▸ Assignment: Set out word for word the line that contains "DivX Plus Streaming" and each line after it, through the end of the data below, but exclude the pictures.

▸ Dataset extract:
- Opening Delimiter -
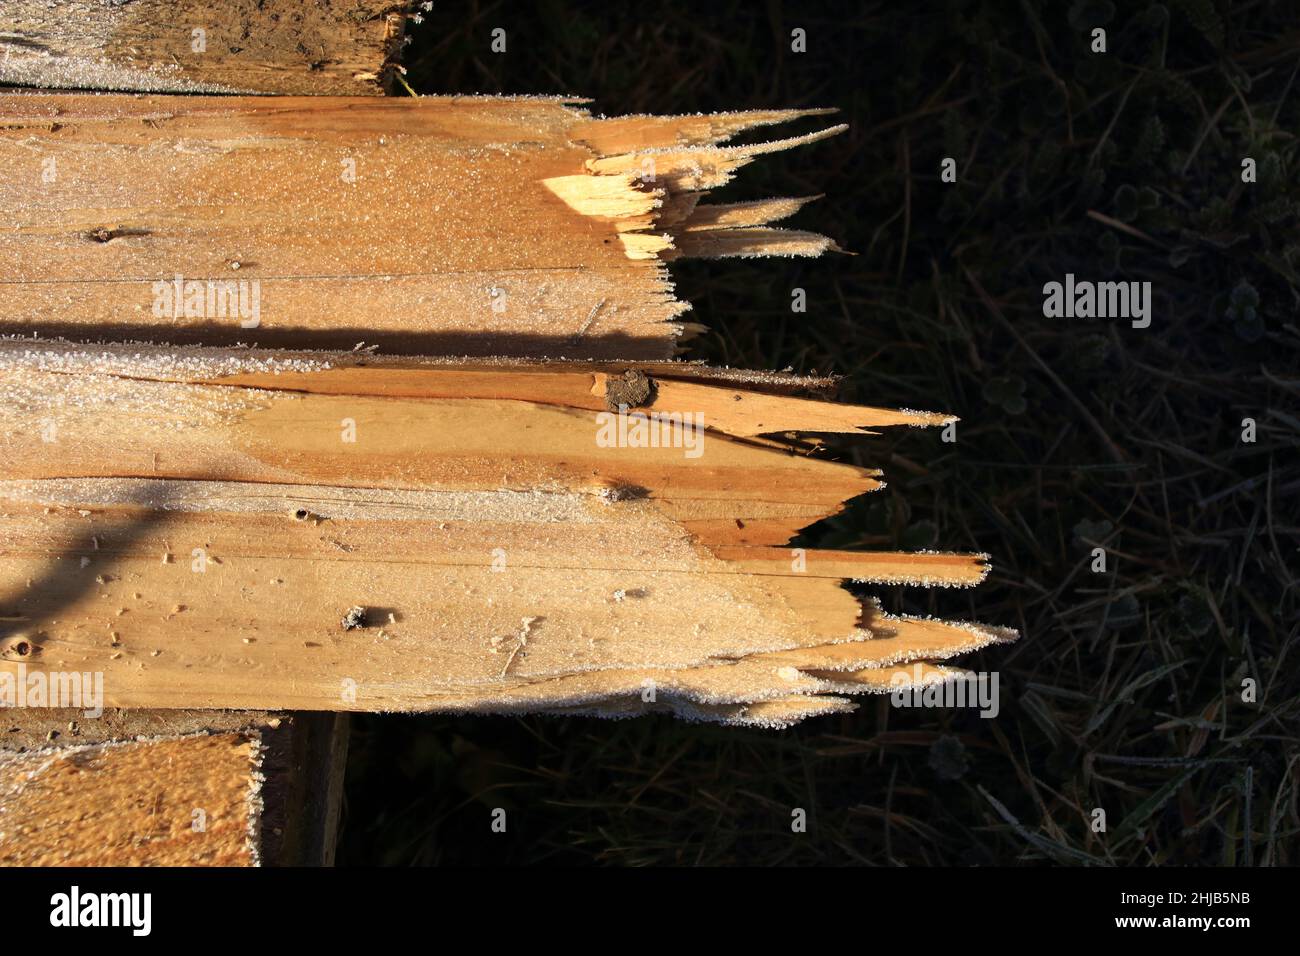 Breaking edge on a plank of lumber Stock Photo
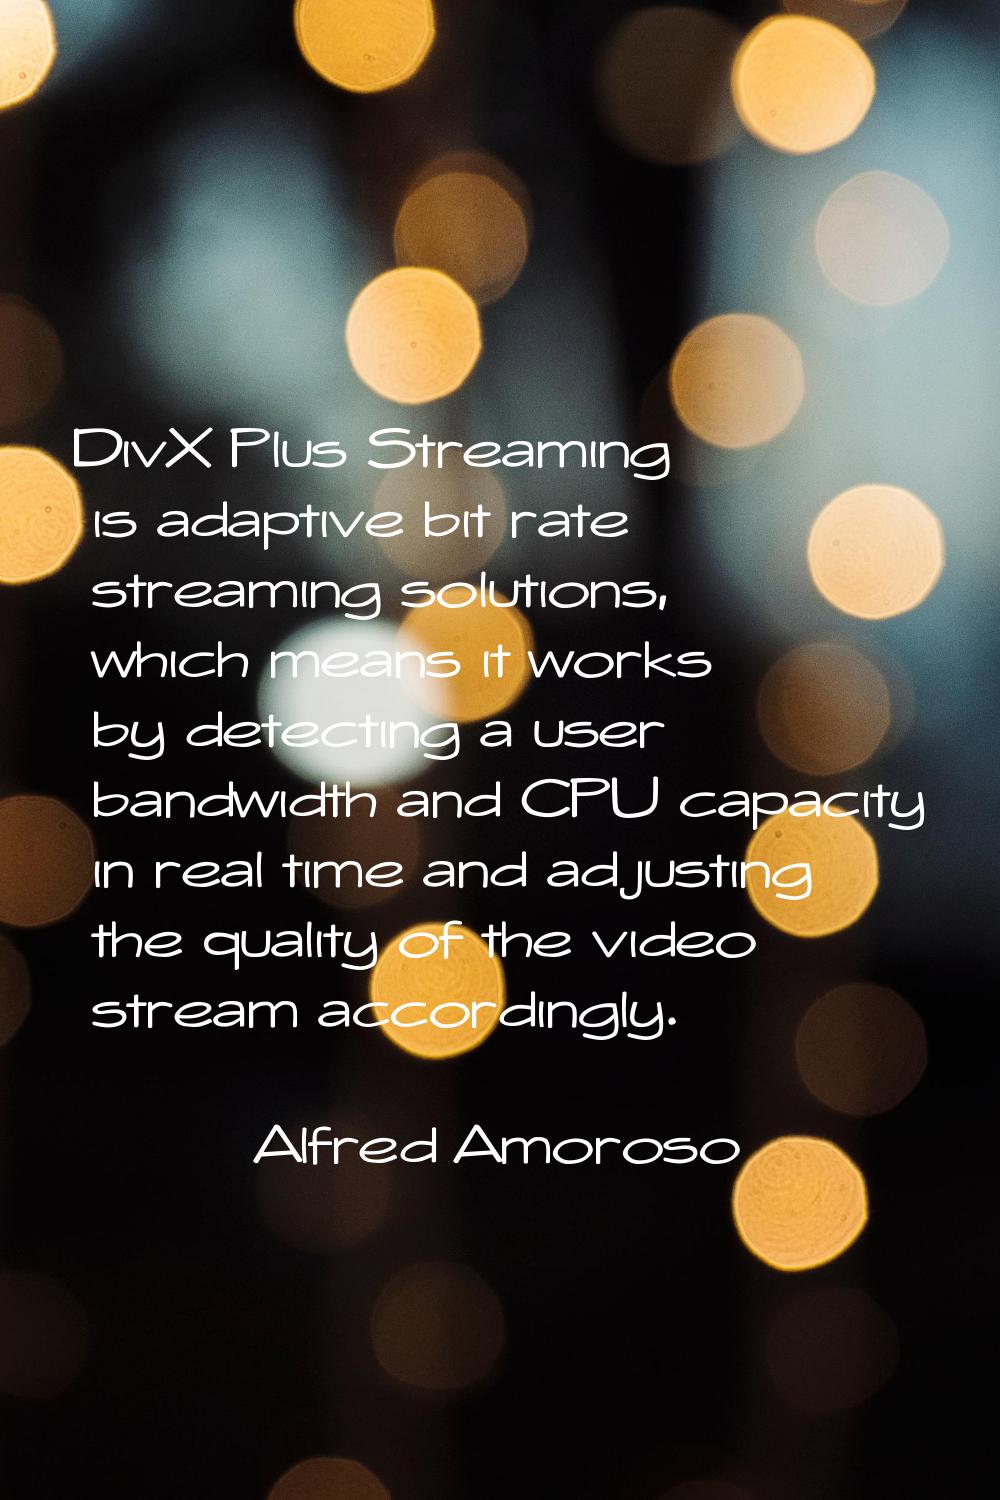 DivX Plus Streaming is adaptive bit rate streaming solutions, which means it works by detecting a u
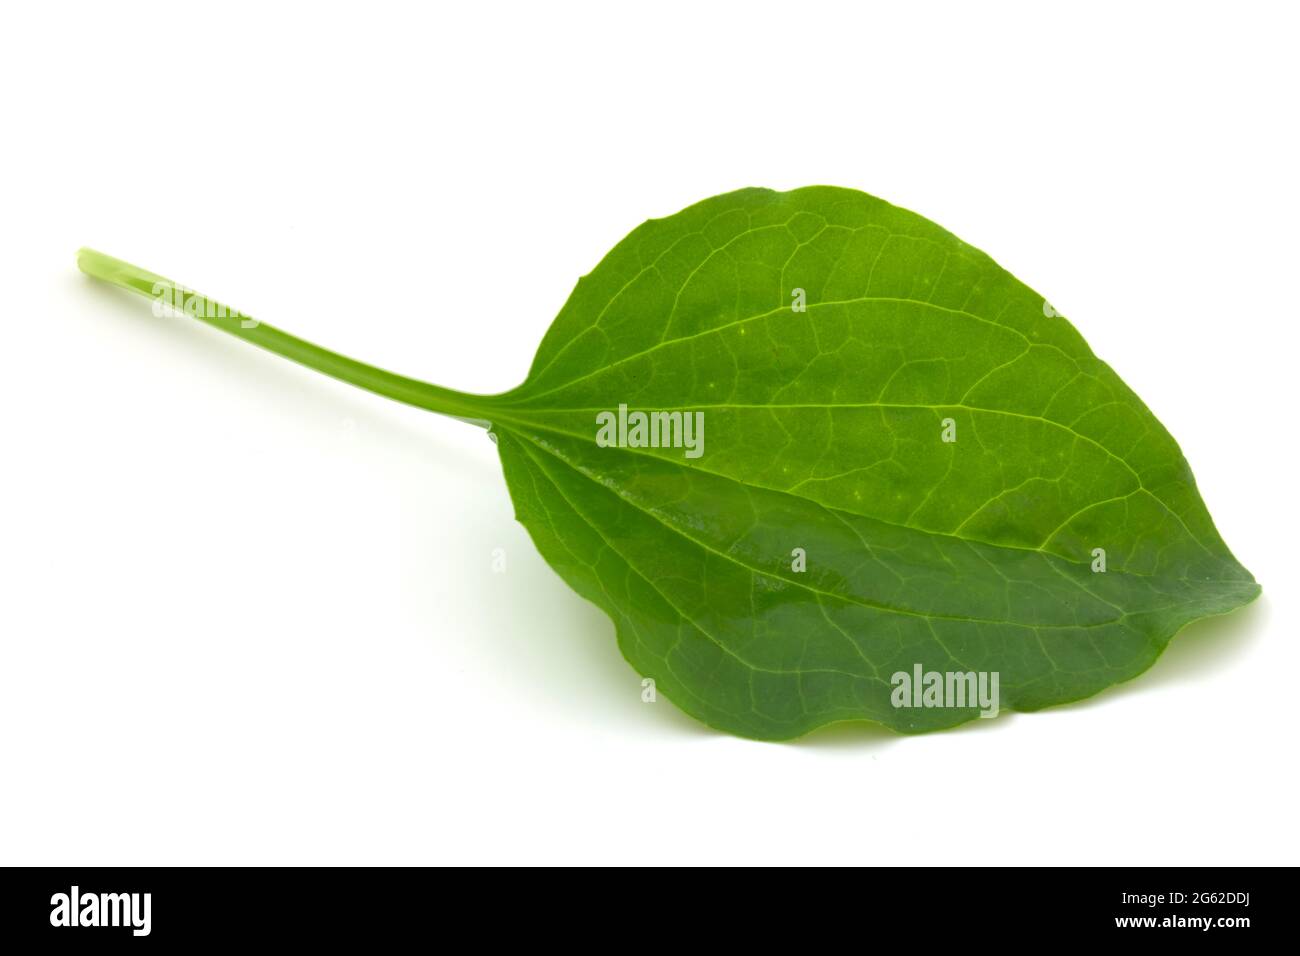 Plantain leaf, medicinal plant isolated on white background. Stock Photo
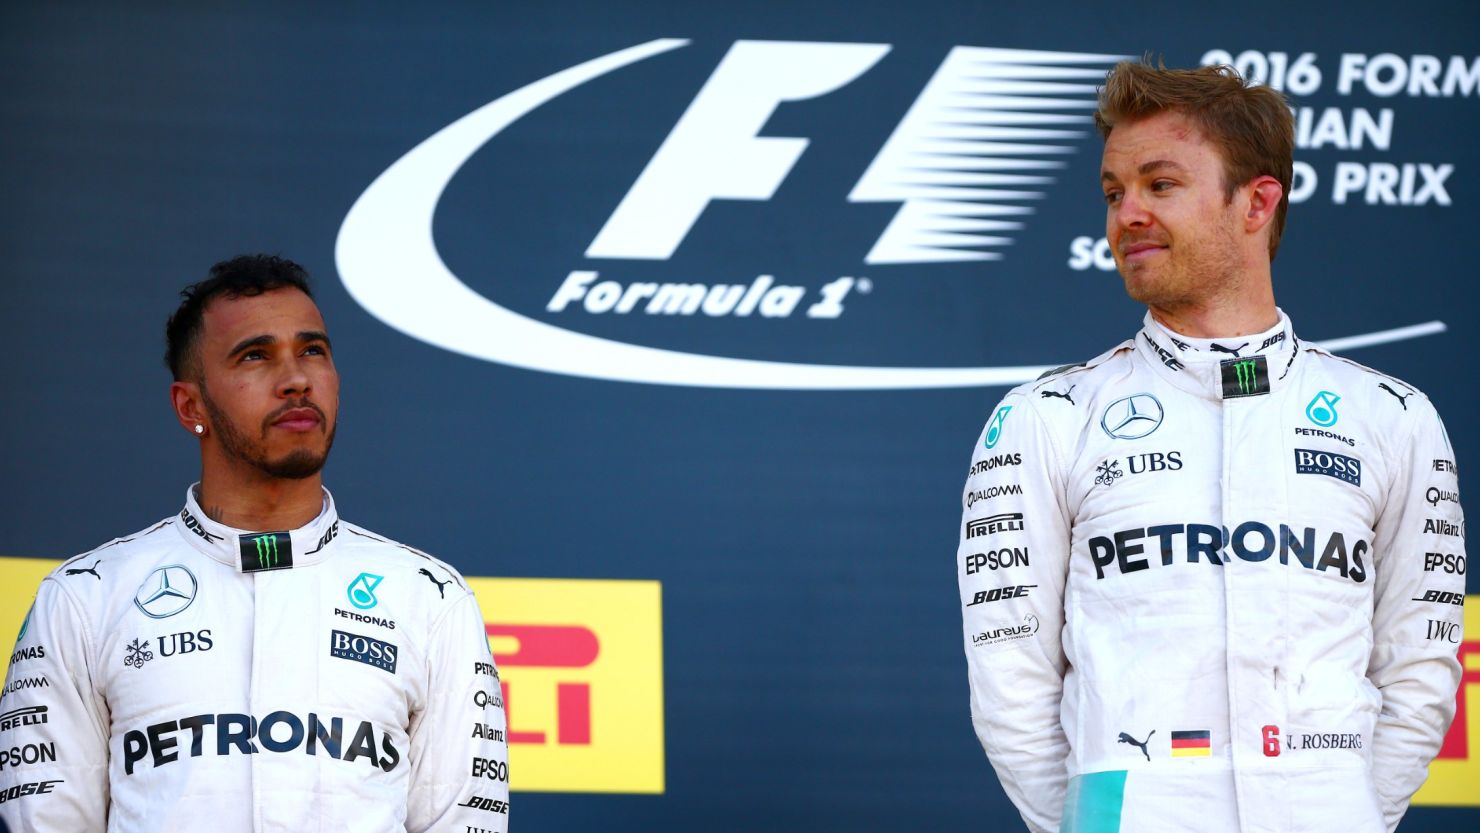 Mercedes insists it is not favoring Nico Rosberg (right), who has won all four F1 races in 2016, over teammate Lewis Hamilton (left)
- Closing Delimiter -
▸ Task solution:
 DivX Plus Streaming is adaptive bit rate streaming solutions, which means it works by detecting a u
 Plantain leaf, medicinal plant isolated on white background. Stock Photo
 Mercedes insists it is not favoring Nico Rosberg (right), who has won all four F1 races in 2016, over teammate Lewis Hamilton (left)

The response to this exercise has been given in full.